Another very important reason to plant the bulbil’s mini-cloves is that if your crop’s roots become infected with a soil-borne disease in any given year, it is very likely that the bulbils, living 2-3 feet up above the ground, will NOT share the infection.
Needless to say, I am going to be growing an experimental container of these for next year. I tore the ones in these photos off the parent plant too soon, but there are still a dozen or more in the garden that I’ll cure with the rest of the garlic harvest.
So WHY does the the garlic grow bulbils? If left unharvested in the yard or field, the top of the garlic plant would brown, wither, and fall over. The bulbil would find itself touching the ground in a location about 3 feet from where the parent clove grew. The winter snow would press it down and in the spring it would root itself right there. In this way a hardneck garlic patch will expand itself and keep reseeding, potentially forever.
15 Jun
June Garden Panorama
I have had panorama photos that turned out much better than this one, but it gets the idea across. Things are starting to get a bit unruly down there. Weeding needs lots of attention soon. It’s time to harvest beets and their greens. Soon I will harvest the carrots, followed by the cabbages and then the garlic. By that time I will be getting many red tomatoes.
I still need to plant the green beans I promised my wife.
30 May
Garlic Scapes have arrived
18 May
Garden Overview, Early May
16 May
Garlic getting pretty tall
14 May
Jimmy Watering the Garden
2 Apr
Drawback to square foot gardening – weeding
I’m not talking about the weeds in the lawn, I’m talking about that ground cover growing under my garlic stems.
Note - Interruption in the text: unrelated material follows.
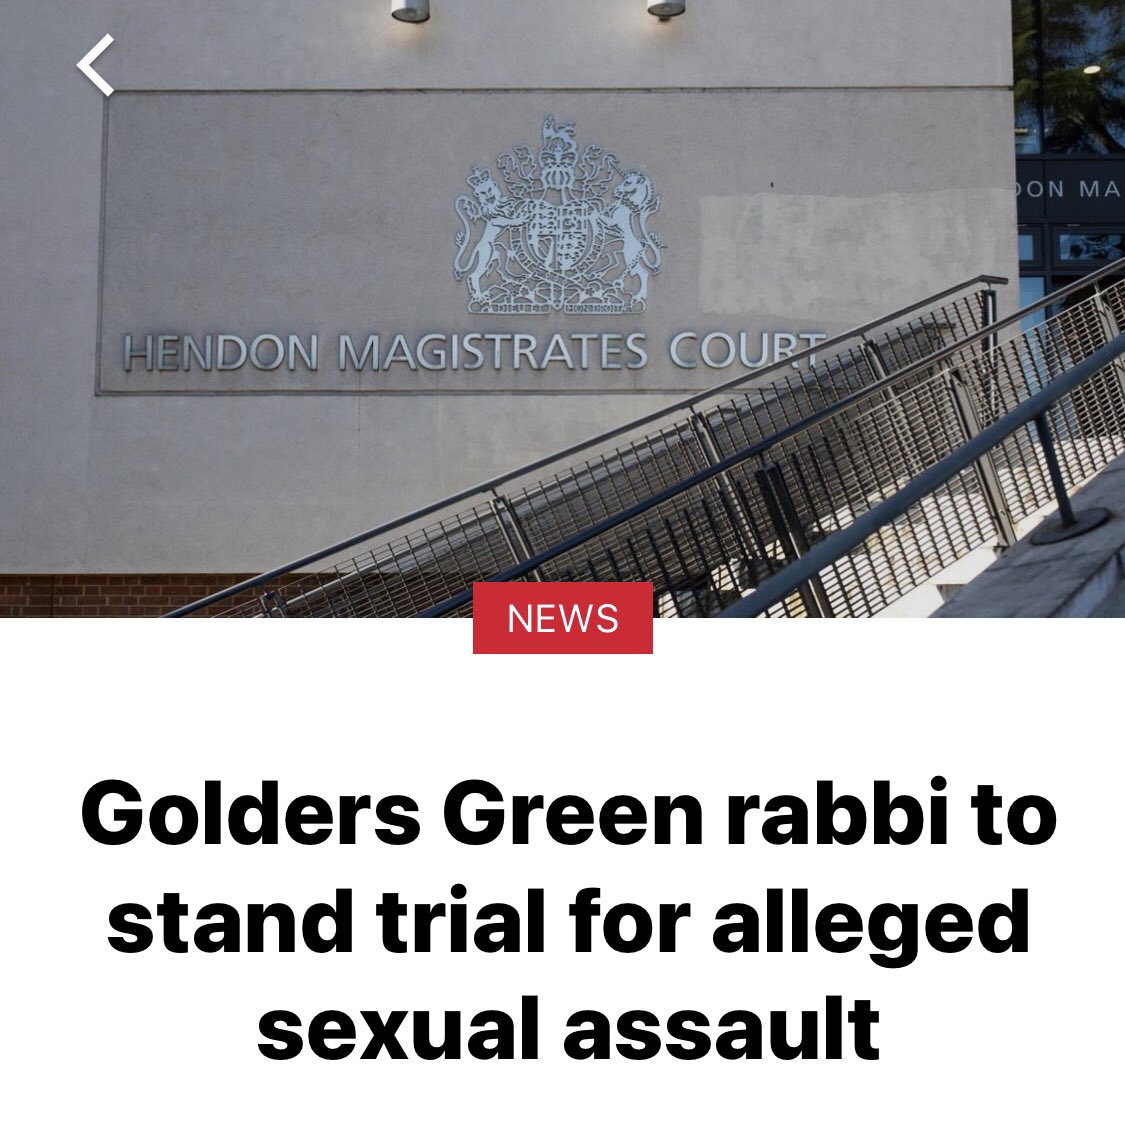 RABBI TO STAND TRIAL OVER ALLEGED SEXUAL ASSAULT IN GOLDERS GREEN ✡️Aaron Halpern, also known as Chaim Halpern, 65, of Golders Green, has been charged with two counts of sexual assault on a woman alleged to have taken place between June 1 and July 31 2022. 🕎He pleaded not

If I were growing garlic in a traditional row-based garden, I would have the rows and plants far enough apart that they could be weeded with a long handled hoe. Raised bed gardening, and especially square foot gardening, places the plants in such a tight arrangement that they usually have to be weeded by hand.
I’ll probably spend 30-45 minutes on my knees getting these weeds away from my 96 garlic plants. That’s the price I pay for having a compact garden plan.